Postgres uses heap storage: table data sits in an unordered heap, and every index (including the primary key index) points to a physical tuple ID (TID) in the heap. A secondary index lookup is one hop: index entry → TID → heap page. Postgres uses HOT (Heap-Only Tuple) updates to avoid index maintenance when only non-indexed columns change. Dead tuples — rows that have been updated or deleted but whose old versions remain physically on disk because active transactions might still need to see them — accumulate and are cleaned by VACUUM (Postgres’s background maintenance process that reclaims space from dead tuples and updates statistics).
InnoDB uses a clustered index: the table data itself is stored in the primary key’s B+tree. Rows are physically ordered by PK. There is no separate heap. Secondary indexes store the primary key value (not a physical pointer), so a secondary index lookup is two hops: secondary index → PK value → clustered index → row. There is no VACUUM. Old row versions live in the undo tablespace and are cleaned by a purge thread (InnoDB’s background worker that scans the undo log and discards row versions no longer needed by any active transaction). See InnoDB Architecture.
Covering indexes matter more in MySQL
Because secondary index lookups require a second B+tree traversal (the “bookmark lookup”), covering indexes that include all needed columns in the index itself avoid the second hop entirely. In Postgres, the cost difference is smaller because heap access is already a single direct lookup.
Type system differences
| Concept | Postgres | MySQL (InnoDB) |
|---|---|---|
| Auto-incrementing PK | SERIAL / BIGSERIAL (sequence-backed) | AUTO_INCREMENT (per-table counter, stored in engine) |
| Variable-length text | text and varchar(N) are identical in performance | VARCHAR(N) is inline (up to ~8KB row limit). TEXT is stored off-page (overflow). Prefer VARCHAR in MySQL when values fit. |
| Boolean | Native boolean type | TINYINT(1) — just an integer with a display hint |
| Enum | Stored as string internally. Sortable alphabetically. | Stored as integer internally. Sorts by definition order, not alphabetically. Adding values requires ALTER TABLE. |
| JSON | jsonb — binary format, GIN-indexable, fast operators (@>, ?, ->>). | JSON — validated on write but stored as text internally. Indexing requires creating a generated column and indexing that. |
| UUID | Native uuid type. gen_random_uuid() for generation. | No native type. Store as CHAR(36) or BINARY(16). UUID() returns a string. UUID_TO_BIN() (8.0+) converts to binary. BIN_TO_UUID() reverses. |
MySQL ENUM ordering
ORDER BY enum_columnsorts by the position in the enum definition, not alphabetically. If you add a new value at the end, it sorts last regardless of its name. This surprises every Postgres user.

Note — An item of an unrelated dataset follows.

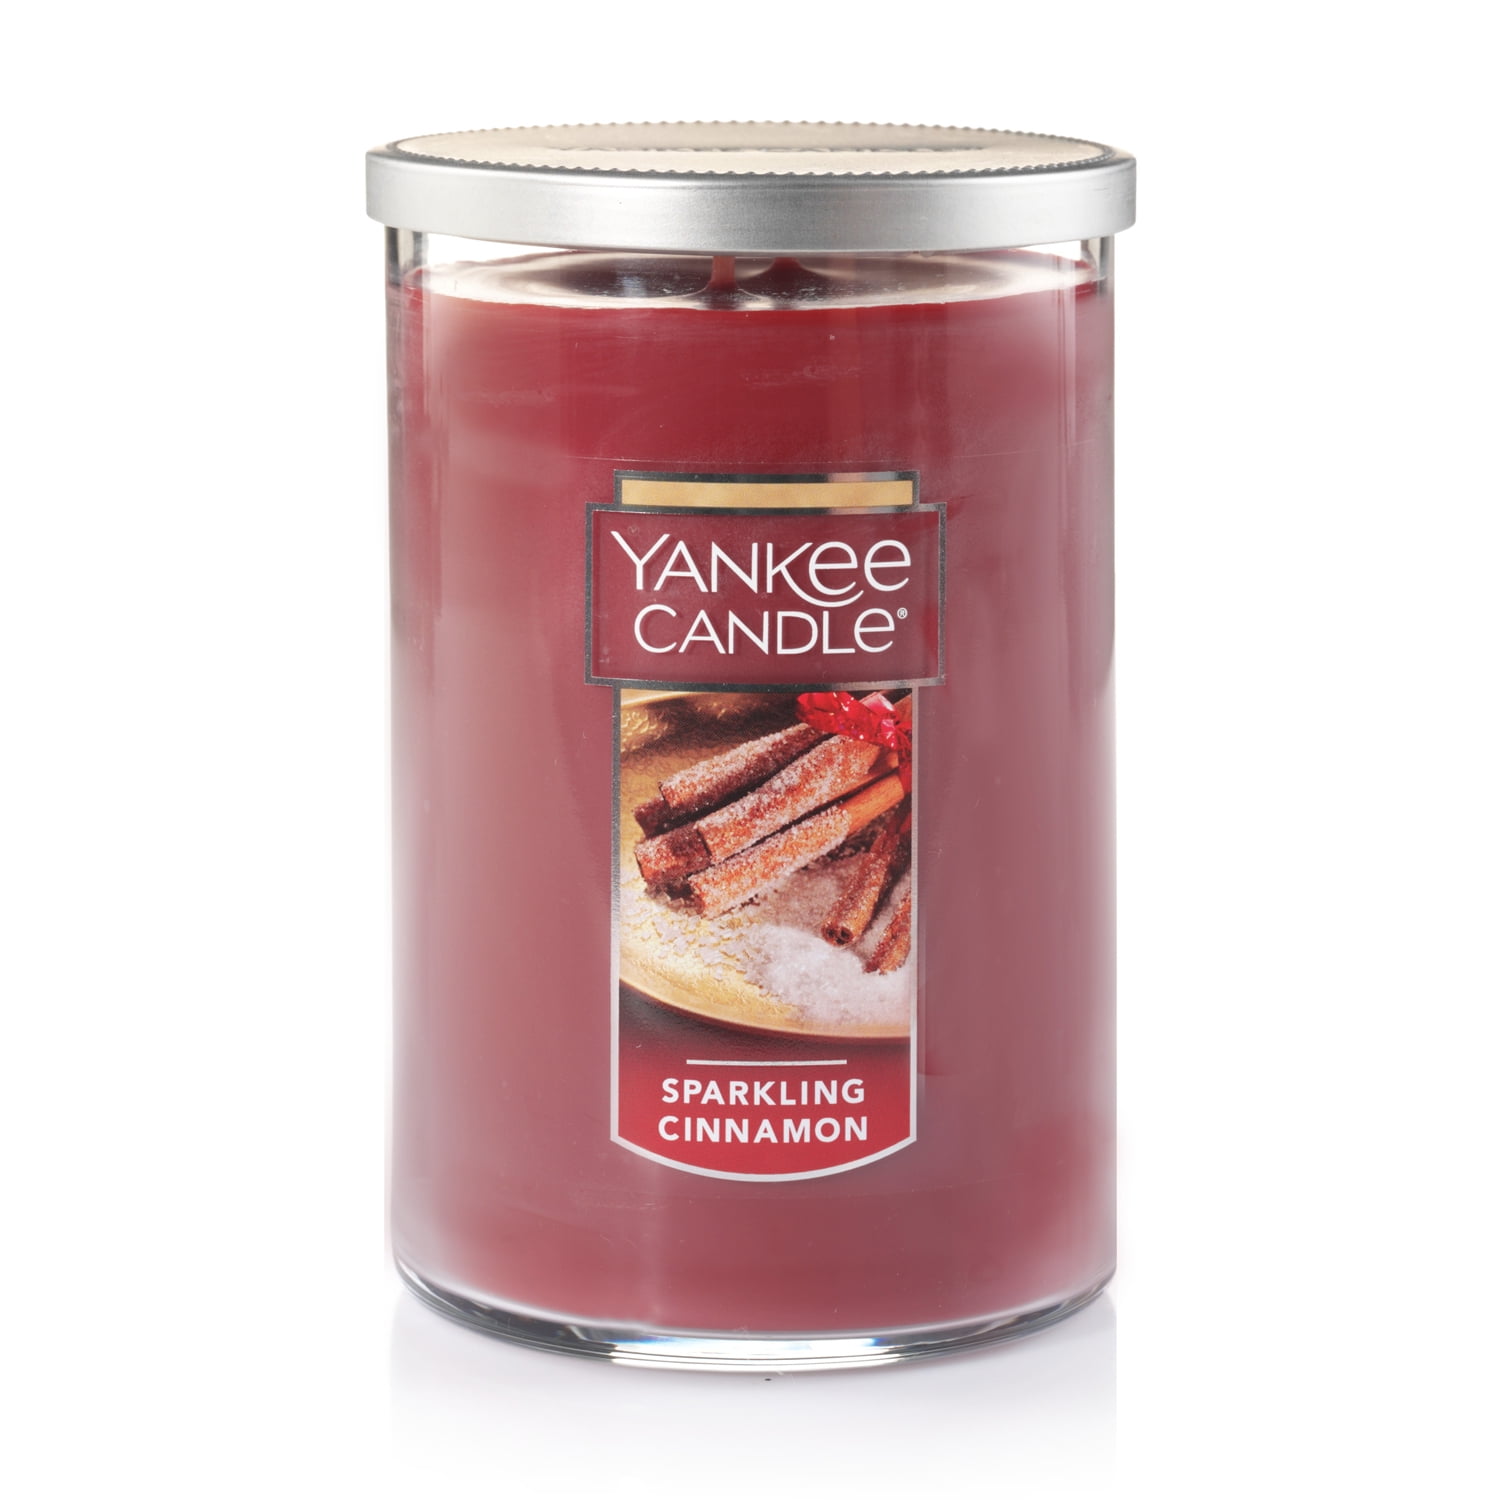 /340 g Nouveaux Yankee Candle Moyen Jar/Cinnamon Spice Cookie/parfumée 14.5 Oz environ 411.06 g

Query differences for Postgres users
RETURNING clause — Postgres supports INSERT ... RETURNING *, UPDATE ... RETURNING *, DELETE ... RETURNING *. MySQL has no equivalent. Use LAST_INSERT_ID() after INSERT, or issue a separate SELECT.
CTEs (Common Table Expressions) — Both support CTEs, the named subquery blocks introduced with WITH. Materializing a CTE means computing it once, storing the result in a temporary buffer, and reusing that buffer — as opposed to inlining it (substituting the CTE definition wherever it is referenced, letting the optimizer fold it into the outer query). Postgres (since v12) inlines CTEs by default unless MATERIALIZED is specified. MySQL materializes CTEs by default, which can hurt performance when the CTE is used once and filtering happens outside it.
UPSERT — Postgres: INSERT ... ON CONFLICT (column) DO UPDATE SET .... MySQL: INSERT ... ON DUPLICATE KEY UPDATE .... MySQL also has REPLACE INTO, but that performs DELETE + INSERT (fires delete triggers, resets auto-increment), so it is not a true upsert.
Window functions — Both support them. MySQL added window functions in 8.0.
Partial indexes — Postgres: CREATE INDEX ... WHERE condition. MySQL does not support partial indexes. The workaround is a generated column with a conditional value, then index that. See Index Types for Postgres-specific index types.
Expression indexes — Postgres: CREATE INDEX ... ON (expression). MySQL requires creating a generated (virtual or stored) column and indexing that column.
EXPLAIN — Postgres returns a tree structure with estimated costs, rows, and width. MySQL returns a tabular format (one row per table in the join). EXPLAIN ANALYZE (MySQL 8.0.18+) adds actual execution timing similar to Postgres, but the output format is an iterator-based tree rather than the traditional tabular format.
Concurrency model
Both use MVCC, but the implementation differs significantly.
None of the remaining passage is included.